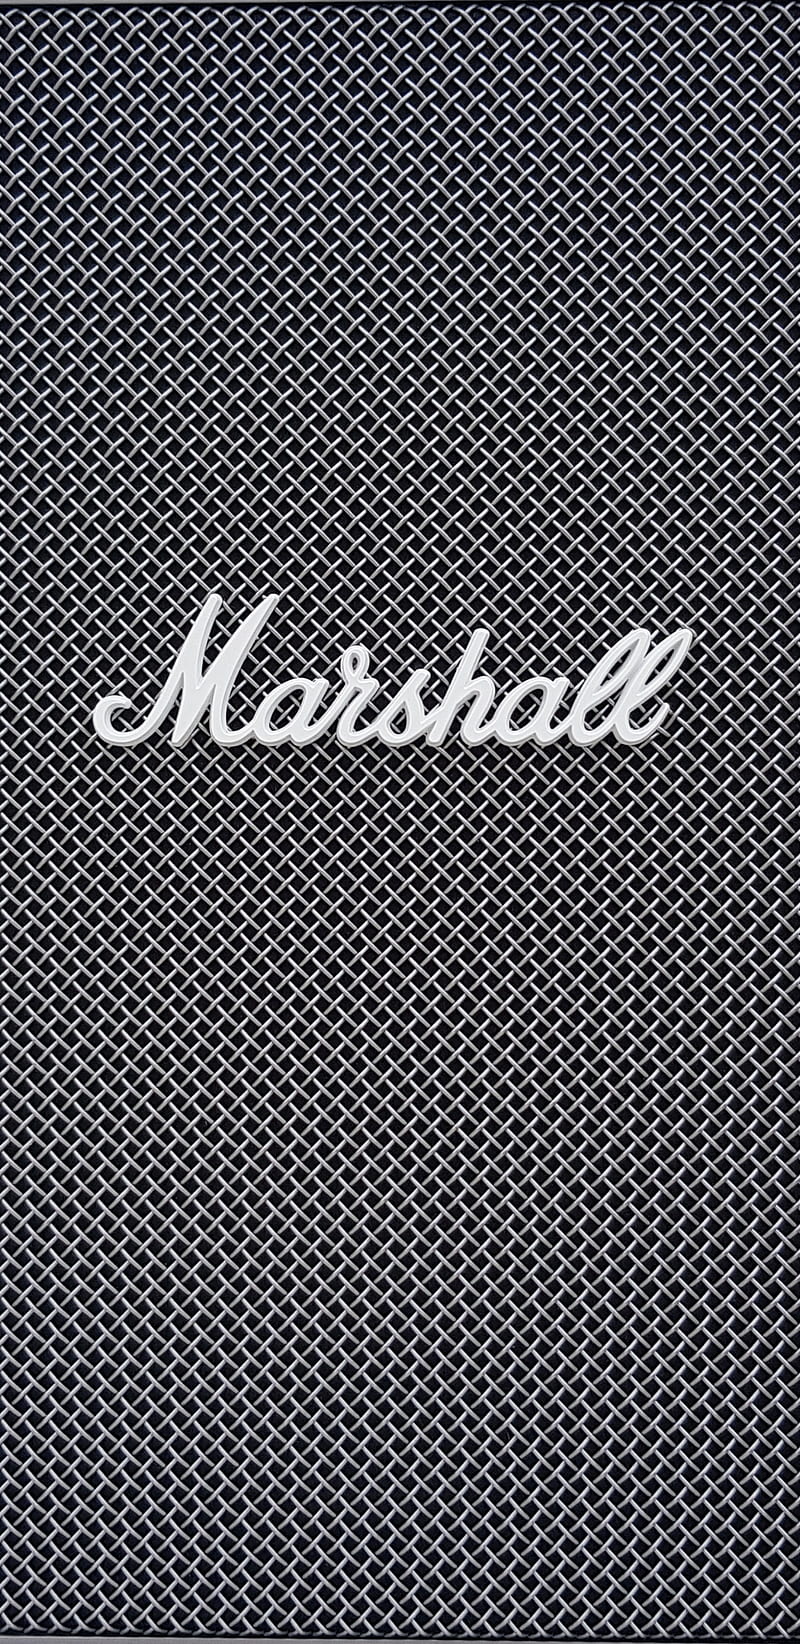 HD wallpaper: gray Marshall amplifier, home decor, logo, trademark, symbol  | Wallpaper Flare
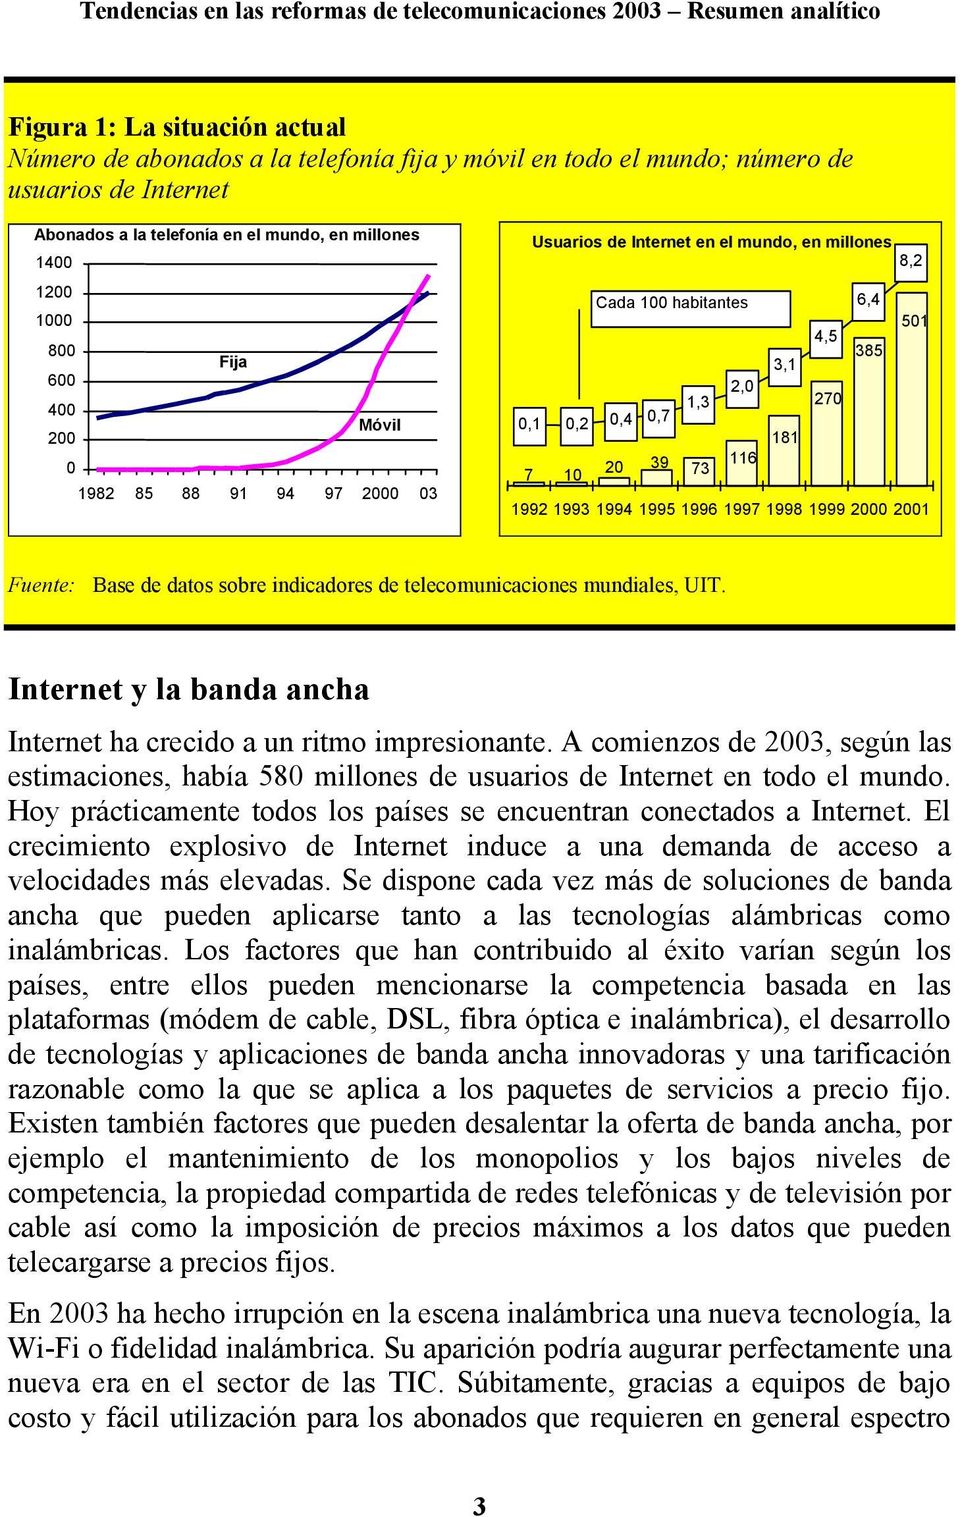 1994 1995 1996 1997 1998 1999 2000 2001 Fuente: Base de datos sobre indicadores de telecomunicaciones mundiales, UIT. Internet y la banda ancha Internet ha crecido a un ritmo impresionante.
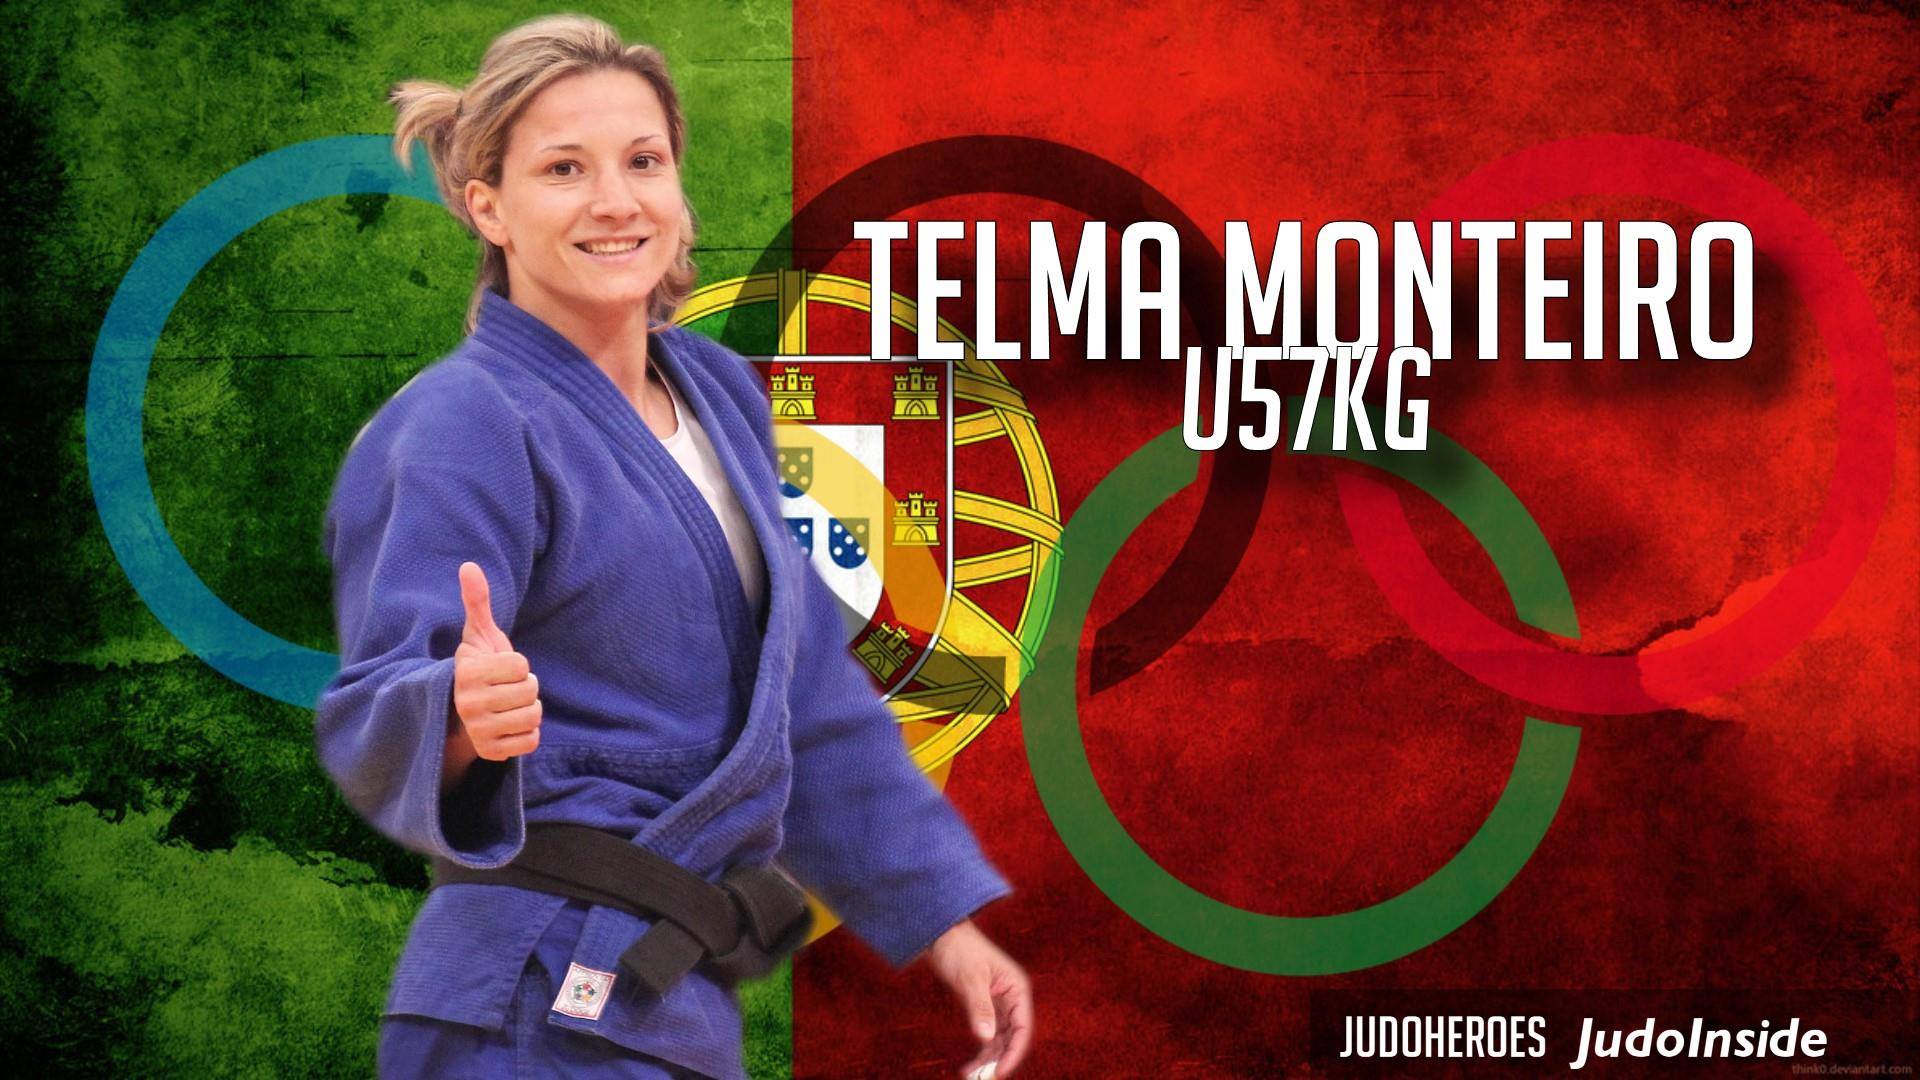 Telma Monteiro

ABOUT THIS EXERCISE = Please return the listing above exactly and leave every picture out.

WRITTEN ANSWER =
 HD wallpaper: gray Marshall amplifier, home decor, logo, trademark, symbol  | Wallpaper Flare
 1994 1995 1996 1997 1998 1999 2000 2001 Fuente: Base de datos sobre indicadores de telecomunicaciones mundiales, UIT. Internet y la banda ancha Internet ha crecido a un ritmo impresionante.
 Telma Monteiro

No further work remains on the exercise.